6
\$\begingroup\$

I have a list of N integers, e.g. intList=[1,7,3,1,5] with N=5 and all integers have a binary representation of lenght l, e.g. binList=["001","111","011","001","101"] with l=3. Now I want to add random flips from 1->0 & 0->1. Each of the l positions should flip with a probabiliy mu. (mu varies over many magnitudes & N is around 100-100000) This happens over many iterations. Currently my code is

@nb.njit()
for x in range(iterations):
    ...other code...
    for number in range(N):
        for position in range(l):
            if random.random() < mu:
                intList[number] = intList[number] ^ (1 << position)
    ...other code...

The numba decorator is necessary. Since this part takes most of the execution time I just want to make sure that it is already optimal. Thanks for any comment!

\$\endgroup\$
  • 1
    \$\begingroup\$ What is the expected magnitude of n and l? \$\endgroup\$ – vnp Nov 14 at 20:53
  • \$\begingroup\$ Please do not update the code in your question to incorporate feedback from answers, doing so goes against the Question + Answer style of Code Review. This is not a forum where you should keep the most updated version in your question. Please see what you may and may not do after receiving answers. \$\endgroup\$ – Vogel612 Nov 16 at 12:39
  • \$\begingroup\$ You may post the benchmark as an answer. Updating the question based on feedbacks is prohibited on the forum. \$\endgroup\$ – GZ0 Nov 16 at 13:43
  • \$\begingroup\$ @GZ0 Where exactly does it say so?

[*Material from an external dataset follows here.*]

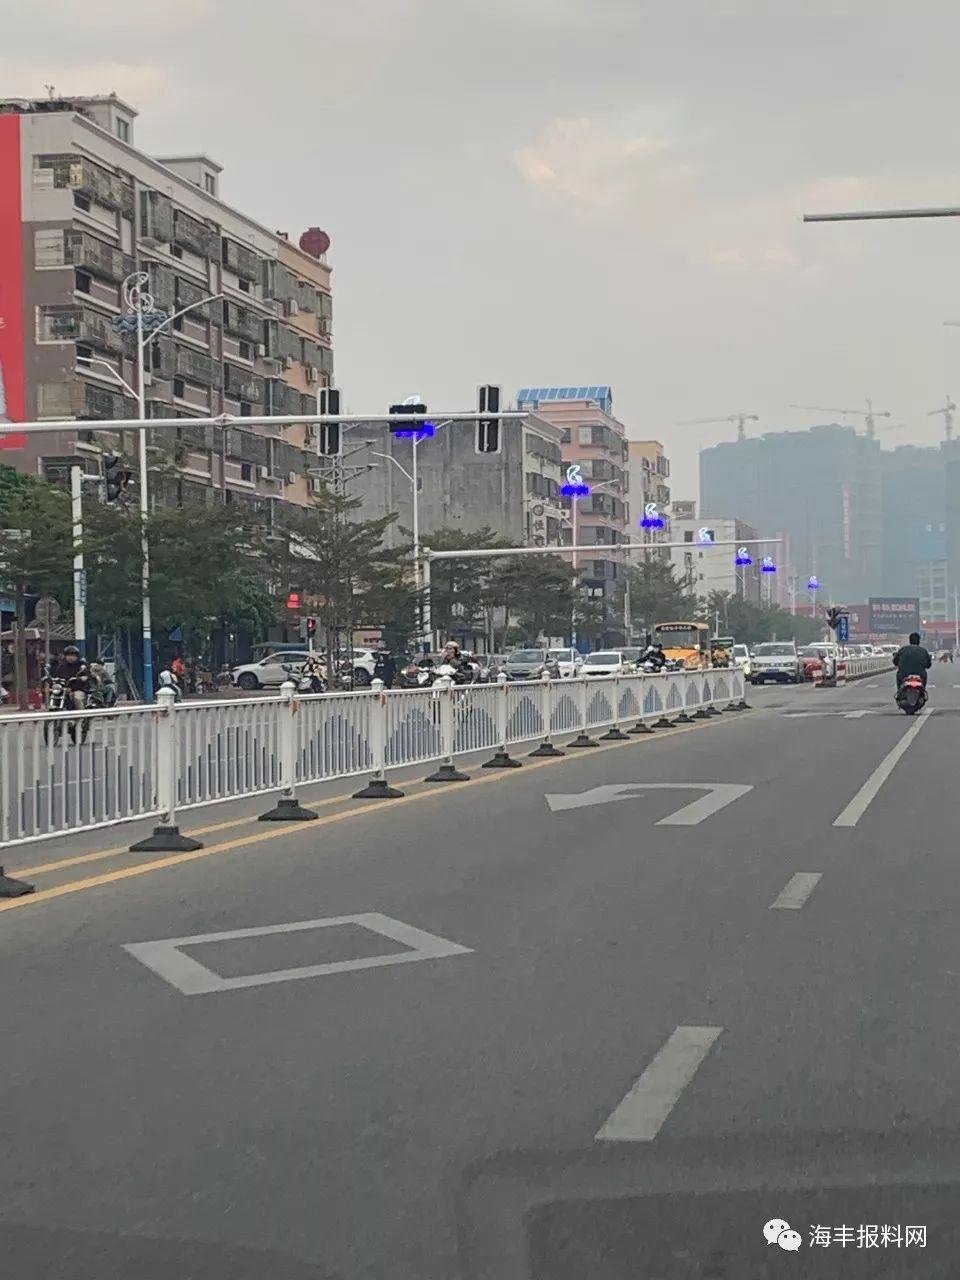 海丰县城二环路的路灯换新了 海丰新闻 第3张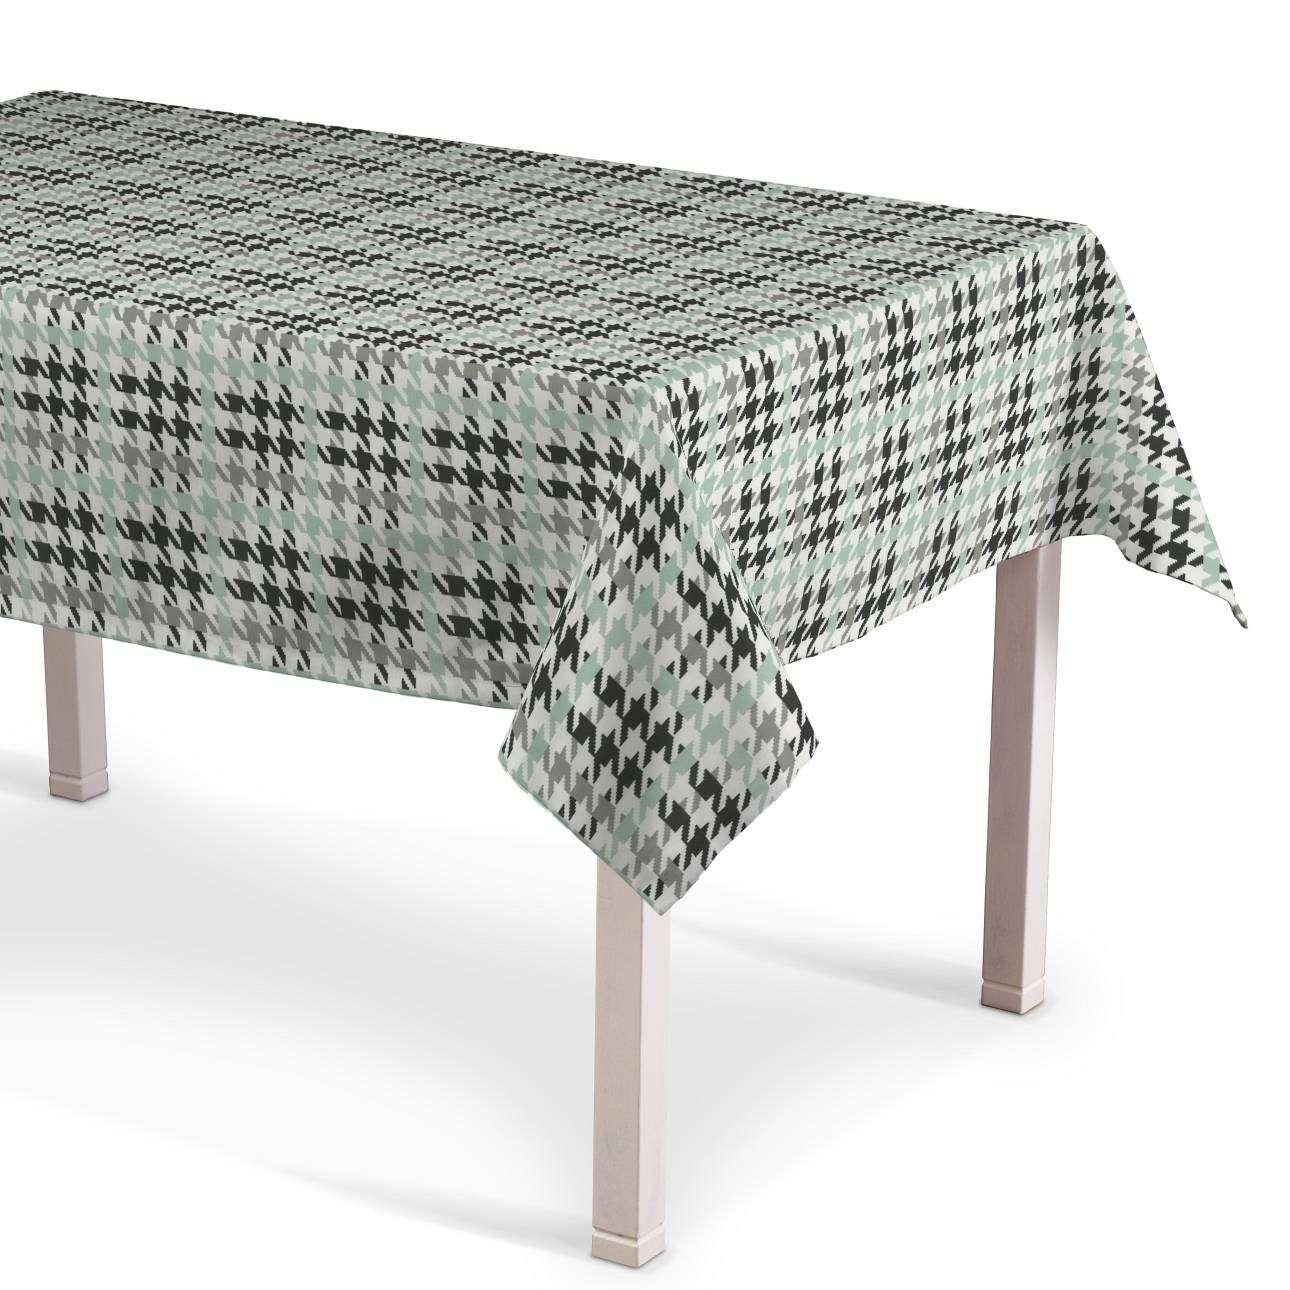 Obrus na stôl obdĺžnikový V kolekcii Brooklyn, tkanina: 137-77

We even frequently request updating questions (usually for clarity). \$\endgroup\$ – superb rain Nov 16 at 13:54
  • \$\begingroup\$ @HighwayJohn Some people with too much power apparently prefer not to read and think, so yeah, better post it as an answer. Might even gain some upvotes. \$\endgroup\$ – superb rain Nov 16 at 13:59
1
\$\begingroup\$

It is absolutely not optimal for a small mu. It's generally more efficient to first generate how many bits you'd like to flip using a Binomial distribution, and then sample the indices. However, then we have to generate words with k set bits, which involves more expensive RNG calls. However when mu is very small and l is very large, this is the most efficient method.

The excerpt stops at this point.